Sydney, Dec 11 Australia’s largest telecommunications company has been fined over an emergency services network disruption. The Australian Communications and Media Authority (ACMA) on Wednesday announced a three million Australian dollar ($1.9 million) fine for Telstra for failing to comply with emergency call rules during an outage of Australia’s triple zero network in March. As the national operator of the triple zero service, Telstra is required to meet obligations in relation to the handling and transfer of calls made to the emergency service number, reports Xinhua news agency.

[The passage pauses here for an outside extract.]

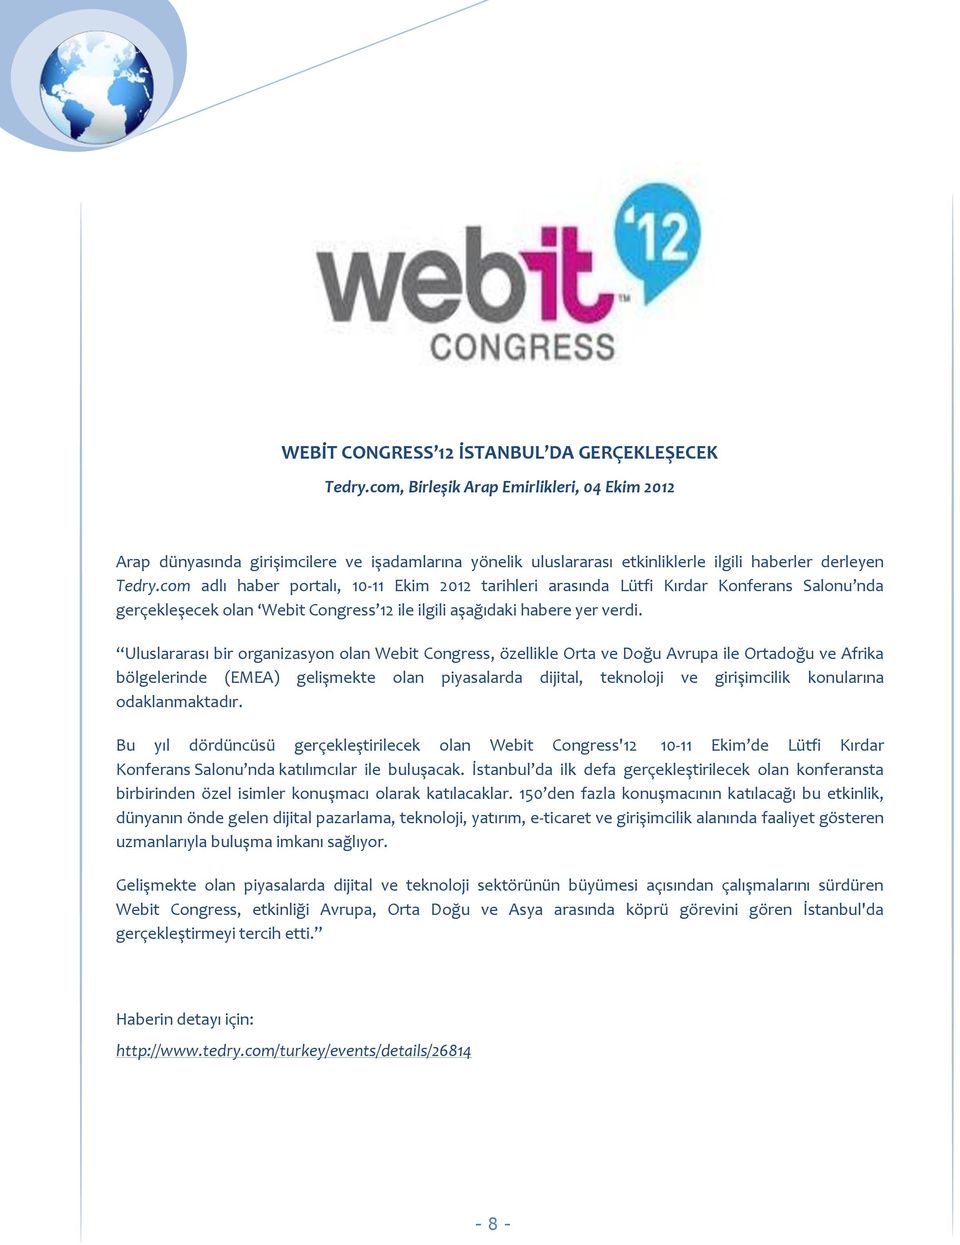 com adlı haber portalı, 10-11 Ekim 2012 tarihleri arasında Lütfi Kırdar Konferans Salonu nda gerçekleşecek olan Webit Congress 12 ile ilgili aşağıdaki habere yer verdi.

ACMA found 473 breaches of the rules during a March 1 incident in which Telstra’s Triple Zero call centre was hampered in transferring calls to emergency services for 90 minutes. The investigation found that 127 calls during that period were not transferred to emergency services because Telstra neglected to update its backup phone data. ACMA said the remaining 346 calls were successfully transferred, but Telstra failed to provide the caller’s digital location information to emergency service organizations. “Telstra, as the emergency call provider, is at the centre of this critical public safety service. As such, it must have fail-safe systems and processes in place at all times.
In this circumstance, its systems and contingency plans failed people in real need,” ACMA member Samantha Yorke said in a statement. She said that Telstra has been open and apologetic about the outage and has taken steps to prevent a similar incident in the future. Optus, Australia’s second-largest telecommunications provider, was fined 12 million AUD ($7.6 million) in November by ACMA after thousands of customers were unable to call triple zero during an unprecedented outage in November 2023.